Write out, word for word, the line that contains "齐河县荣耀健身服务有限公司" and each line after it down to the last line of the data below. Include nothing more.

** Provided data follows **

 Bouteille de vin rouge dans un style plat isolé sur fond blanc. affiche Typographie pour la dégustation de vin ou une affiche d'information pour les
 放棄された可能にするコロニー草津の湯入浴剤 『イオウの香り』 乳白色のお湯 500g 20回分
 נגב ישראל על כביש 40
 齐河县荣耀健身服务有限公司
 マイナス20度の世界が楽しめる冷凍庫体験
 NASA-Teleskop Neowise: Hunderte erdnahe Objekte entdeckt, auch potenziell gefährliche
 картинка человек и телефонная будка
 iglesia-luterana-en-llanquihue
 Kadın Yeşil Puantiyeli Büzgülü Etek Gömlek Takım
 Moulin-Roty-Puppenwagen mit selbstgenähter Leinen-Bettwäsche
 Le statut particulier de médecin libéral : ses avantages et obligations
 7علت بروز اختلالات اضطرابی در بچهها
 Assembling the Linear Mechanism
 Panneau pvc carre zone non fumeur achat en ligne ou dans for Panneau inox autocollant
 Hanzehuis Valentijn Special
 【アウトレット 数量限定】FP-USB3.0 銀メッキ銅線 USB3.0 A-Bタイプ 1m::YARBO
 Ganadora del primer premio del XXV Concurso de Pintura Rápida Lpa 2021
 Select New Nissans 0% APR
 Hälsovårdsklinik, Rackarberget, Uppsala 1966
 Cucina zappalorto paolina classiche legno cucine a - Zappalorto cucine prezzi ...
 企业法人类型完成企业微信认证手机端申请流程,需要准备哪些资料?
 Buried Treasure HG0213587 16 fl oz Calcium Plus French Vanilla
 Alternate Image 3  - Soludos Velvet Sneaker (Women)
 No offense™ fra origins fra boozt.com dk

** End of Provided data **

Task result ::
 齐河县荣耀健身服务有限公司
 マイナス20度の世界が楽しめる冷凍庫体験
 NASA-Teleskop Neowise: Hunderte erdnahe Objekte entdeckt, auch potenziell gefährliche
 картинка человек и телефонная будка
 iglesia-luterana-en-llanquihue
 Kadın Yeşil Puantiyeli Büzgülü Etek Gömlek Takım
 Moulin-Roty-Puppenwagen mit selbstgenähter Leinen-Bettwäsche
 Le statut particulier de médecin libéral : ses avantages et obligations
 7علت بروز اختلالات اضطرابی در بچهها
 Assembling the Linear Mechanism
 Panneau pvc carre zone non fumeur achat en ligne ou dans for Panneau inox autocollant
 Hanzehuis Valentijn Special
 【アウトレット 数量限定】FP-USB3.0 銀メッキ銅線 USB3.0 A-Bタイプ 1m::YARBO
 Ganadora del primer premio del XXV Concurso de Pintura Rápida Lpa 2021
 Select New Nissans 0% APR
 Hälsovårdsklinik, Rackarberget, Uppsala 1966
 Cucina zappalorto paolina classiche legno cucine a - Zappalorto cucine prezzi ...
 企业法人类型完成企业微信认证手机端申请流程,需要准备哪些资料?
 Buried Treasure HG0213587 16 fl oz Calcium Plus French Vanilla
 Alternate Image 3  - Soludos Velvet Sneaker (Women)
 No offense™ fra origins fra boozt.com dk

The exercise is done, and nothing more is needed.